## AIM OF THE TASK:
Once you find the line with "Tần Vương Doanh Chính chapter 44 trang 5" in the data below, transcribe exactly each line from there to the line with "Kleine Deckenleuchte Hitch", inclusive, and nothing else. Drop the pictures.

## MATERIAL PROVIDED:

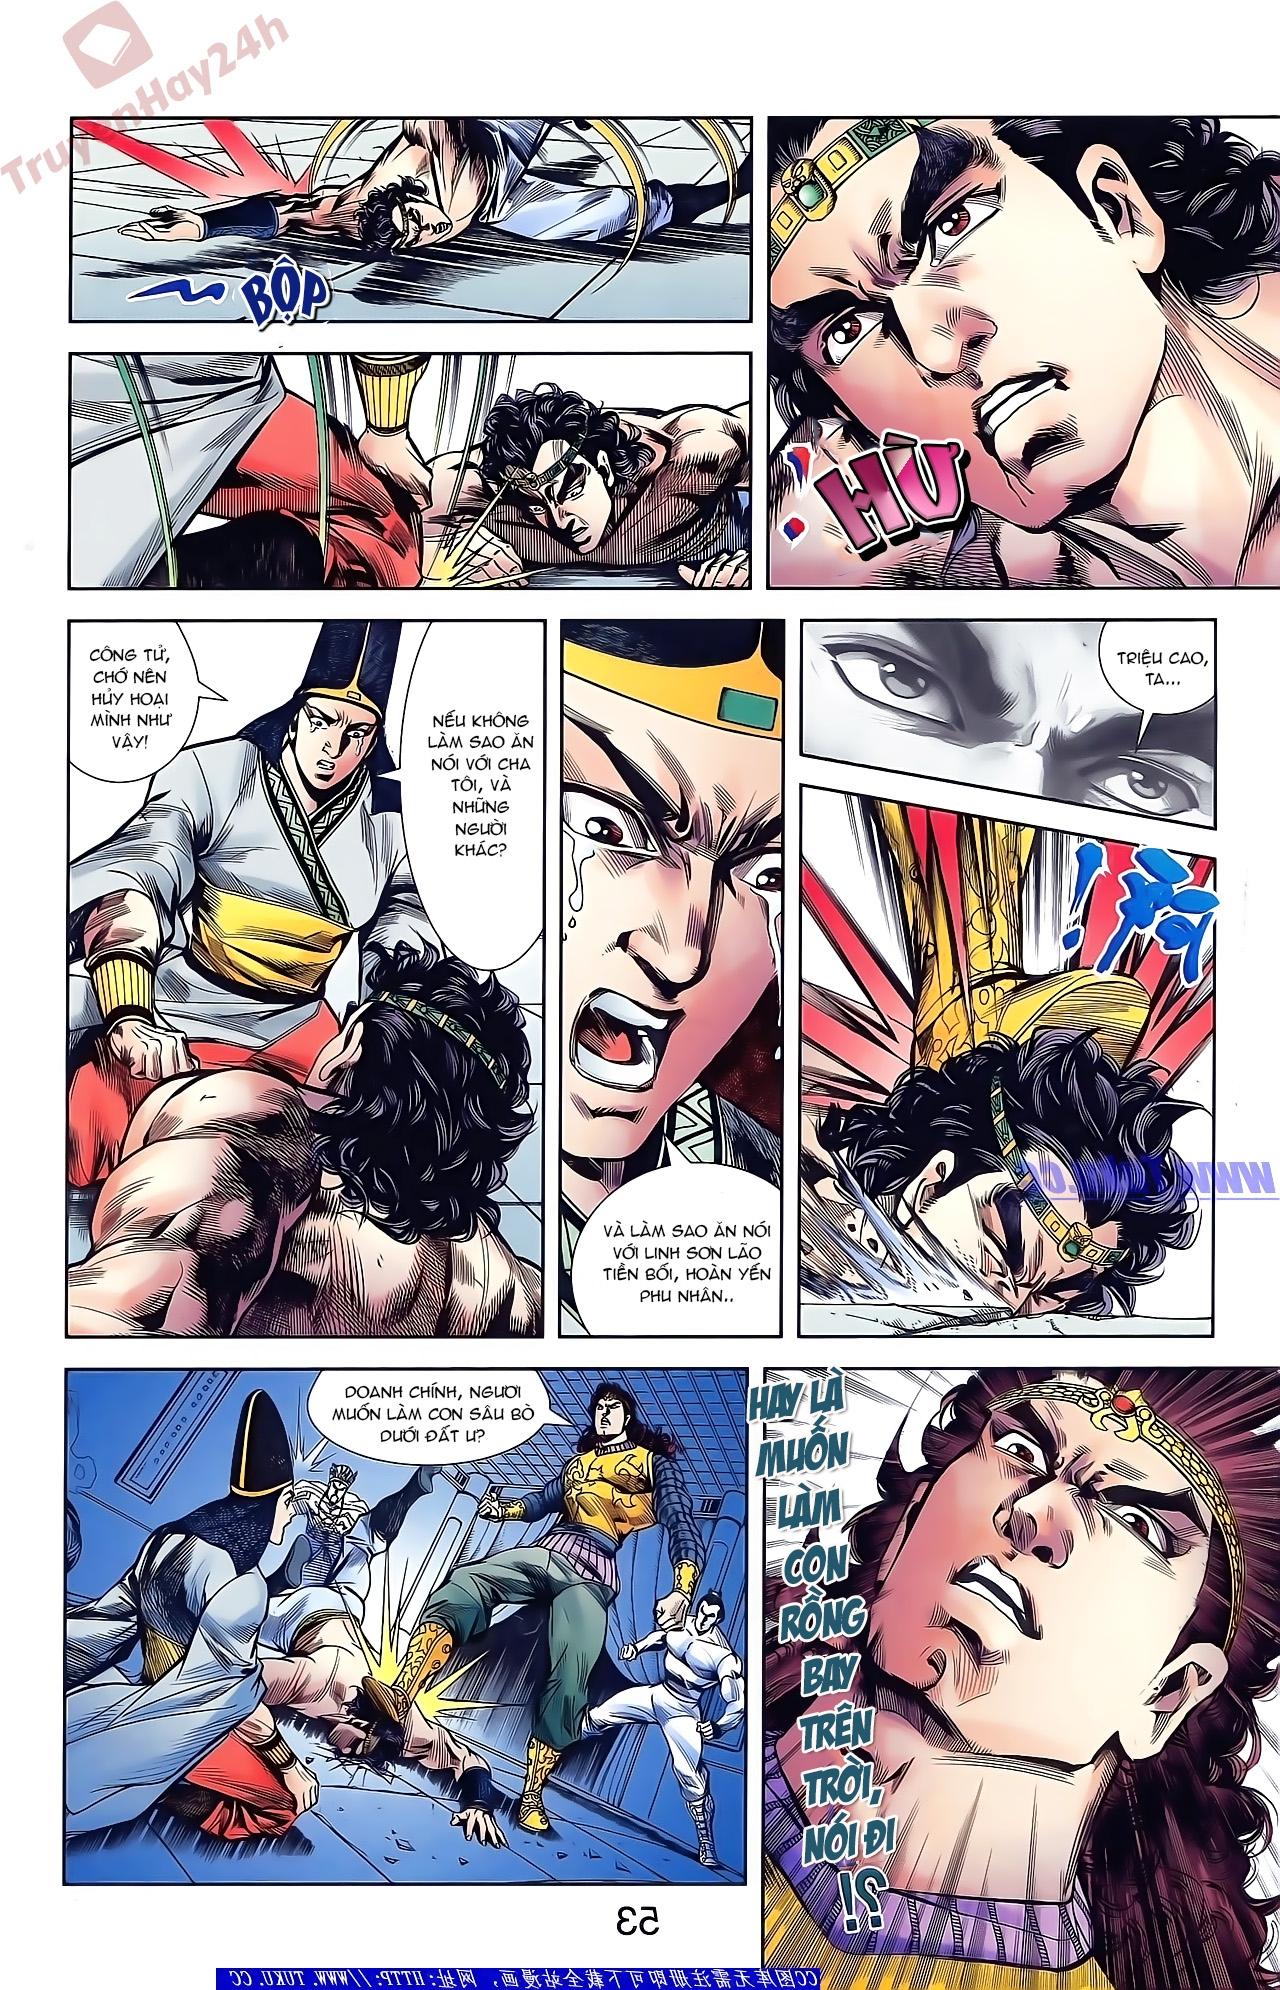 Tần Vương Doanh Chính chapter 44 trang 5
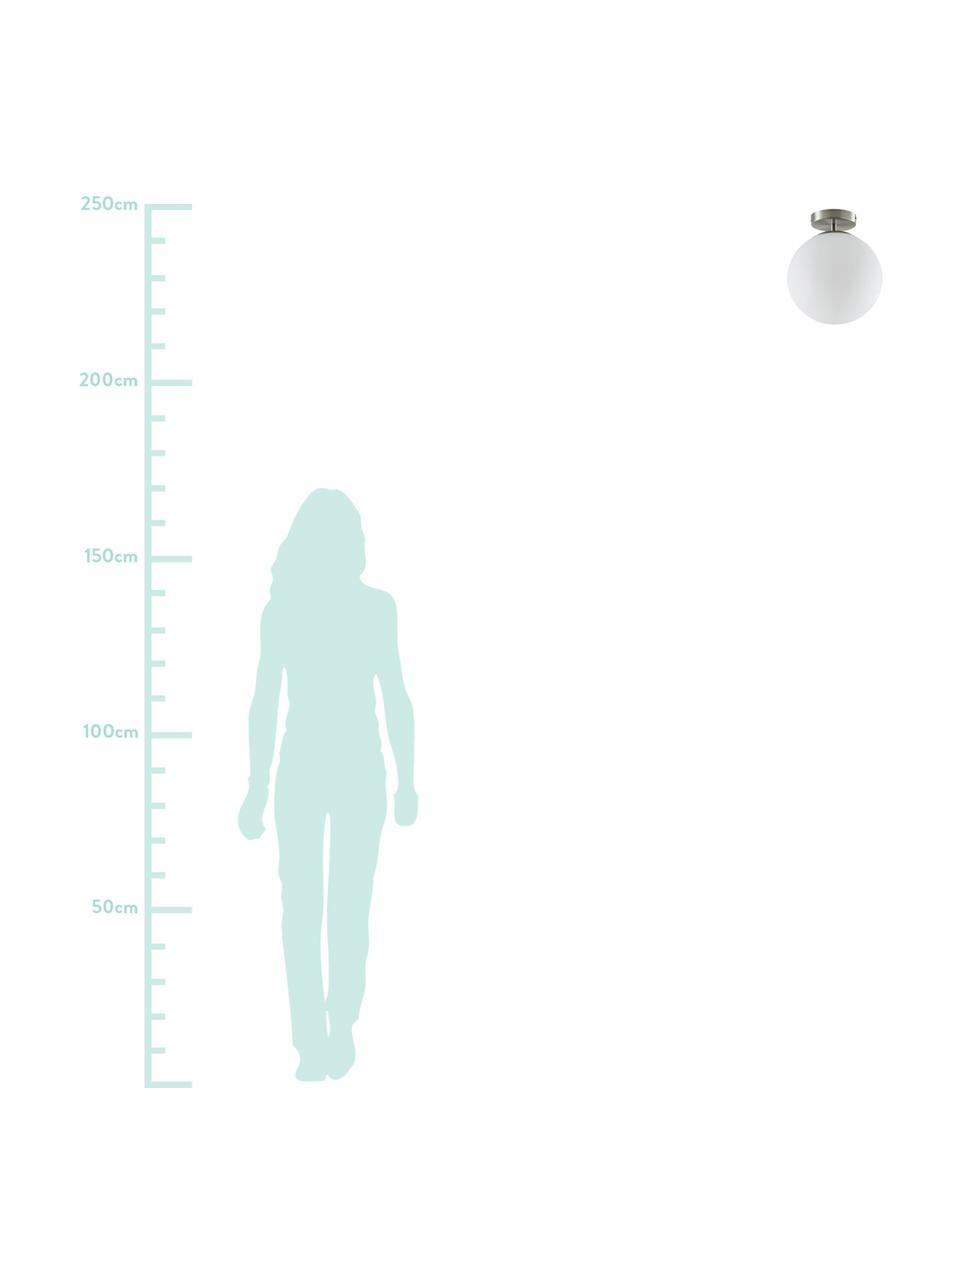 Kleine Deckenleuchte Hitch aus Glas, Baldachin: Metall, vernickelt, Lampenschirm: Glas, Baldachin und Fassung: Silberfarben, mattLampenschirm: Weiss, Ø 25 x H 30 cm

---

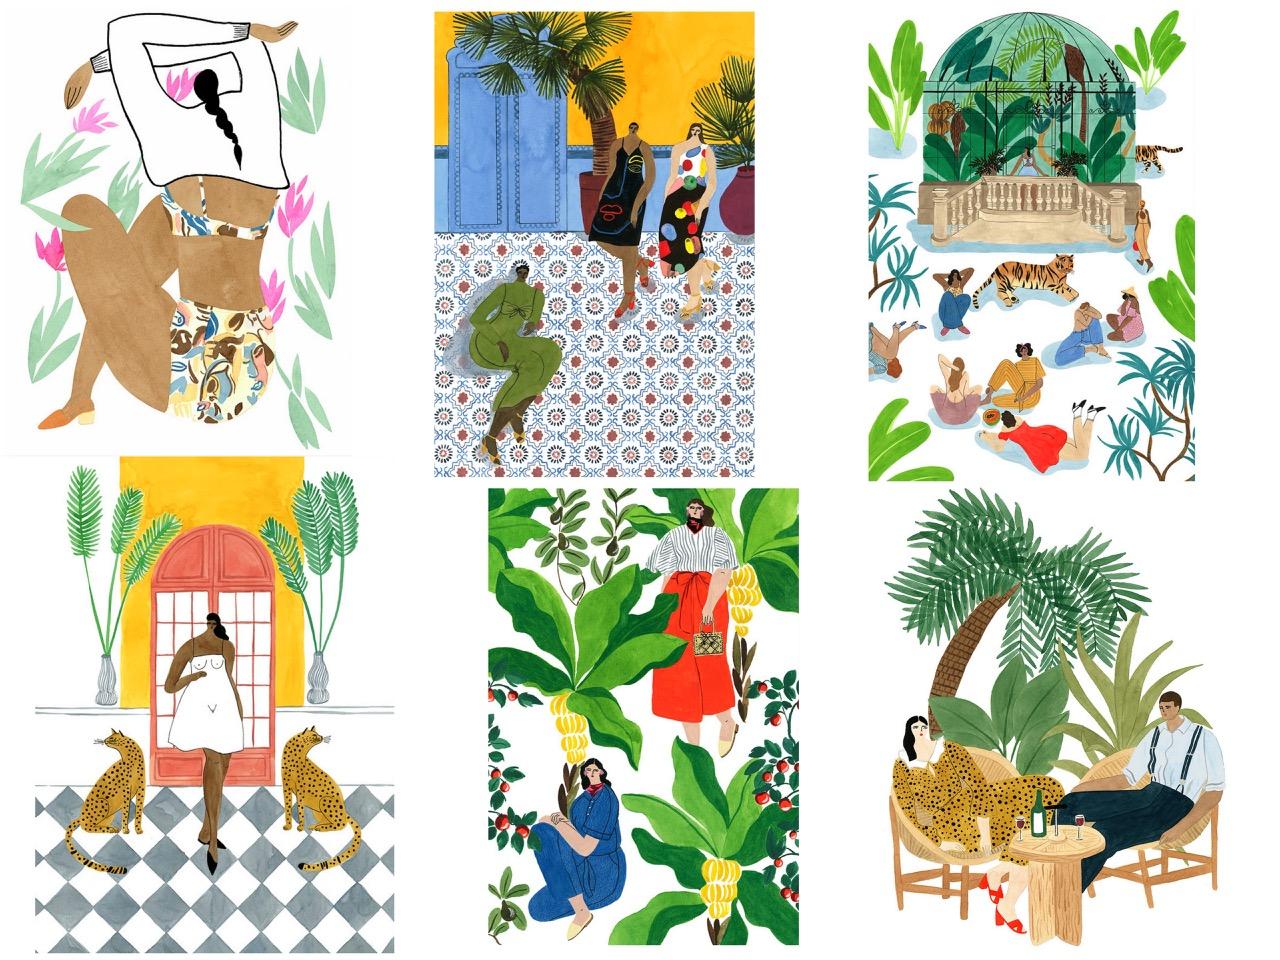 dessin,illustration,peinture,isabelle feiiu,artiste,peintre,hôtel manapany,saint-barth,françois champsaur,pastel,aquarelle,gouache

## RESULT FOR THIS TASK:
 Tần Vương Doanh Chính chapter 44 trang 5
 Kleine Deckenleuchte Hitch aus Glas, Baldachin: Metall, vernickelt, Lampenschirm: Glas, Baldachin und Fassung: Silberfarben, mattLampenschirm: Weiss, Ø 25 x H 30 cm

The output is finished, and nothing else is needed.